Former Chancellor Bruno Kreisky resigned Thursday from his posts in the Socialist Party to protest the selection Wednesday of People’s Party leader Alois Mock as Foreign Minister. The two parties comprise Austria’s coalition government.
Socialist leaders said Thursday that they hoped Kreisky would reconsider his decision to step down as honorary chairman of the party and president of the Institute for International Policy and the Renner Institute, his party’s academy.
According to a Socialist daily newspaper, Kreisky said he couldn’t go along with a foreign policy designed by Mock, who was head of the People’s Party during Kurt Waldheim’s successful run for the Presidency last spring. Ugly anti-Semitic statements surfaced during the campaign as the World Jewish Congress repeatedly raised allegations about Waldheim’s Nazi affiliations and military activities during World War II.
Kreisky, who was controversial himself for his contacts with the PLO, Libya and North Korea, allegedly is afraid that a Conservative Foreign Minister will be unable to diminish the harm done by the Waldheim campaign to Austria’s image abroad.
Moreover, foreign policy had been a Socialist domain for many years. Kreisky served as Secretary of State in the Foreign Ministry and later as Foreign Minister before serving as Chancellor from 1970-83.

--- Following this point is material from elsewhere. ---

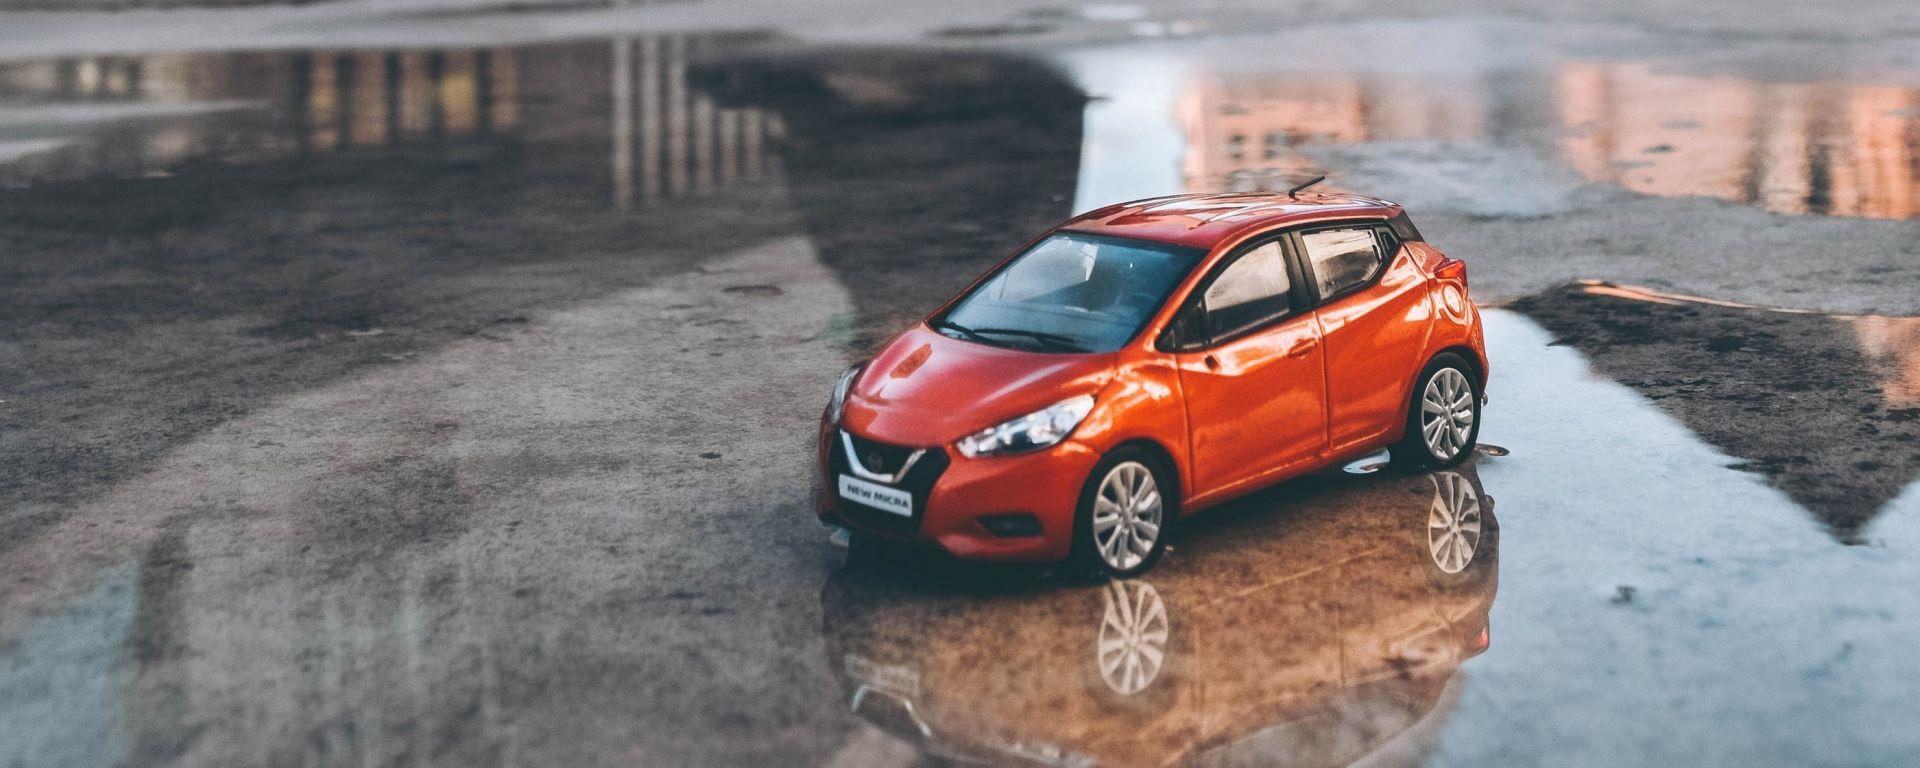 Nissan Micra: il viaggio virtuale attraverso 15 città italiane

VARIED REACTIONS TO KREISKY’S DECISION
Reaction varied to Kreisky’s decision, telephoned Wednesday night to newly elected Chancellor Franz Vranitzky from the hospital bed here where Kreisky is ill with influenza. Mock called it incomprehensible, and both Vranitzky and Socialist Party chairman Fred Sinowatz said they wanted to ask Kreisky whether his decision was irrevocable.
Vranitzky down-played the importance of a Conservative Foreign Minister, explaining that foreign policy would be designed through close cooperation within government. He added that Austria has more important problems than a struggle over Mock.
The Socialist Party Council approved the coalition agreement Thursday, with 96 percent of 230 delegates voting affirmative.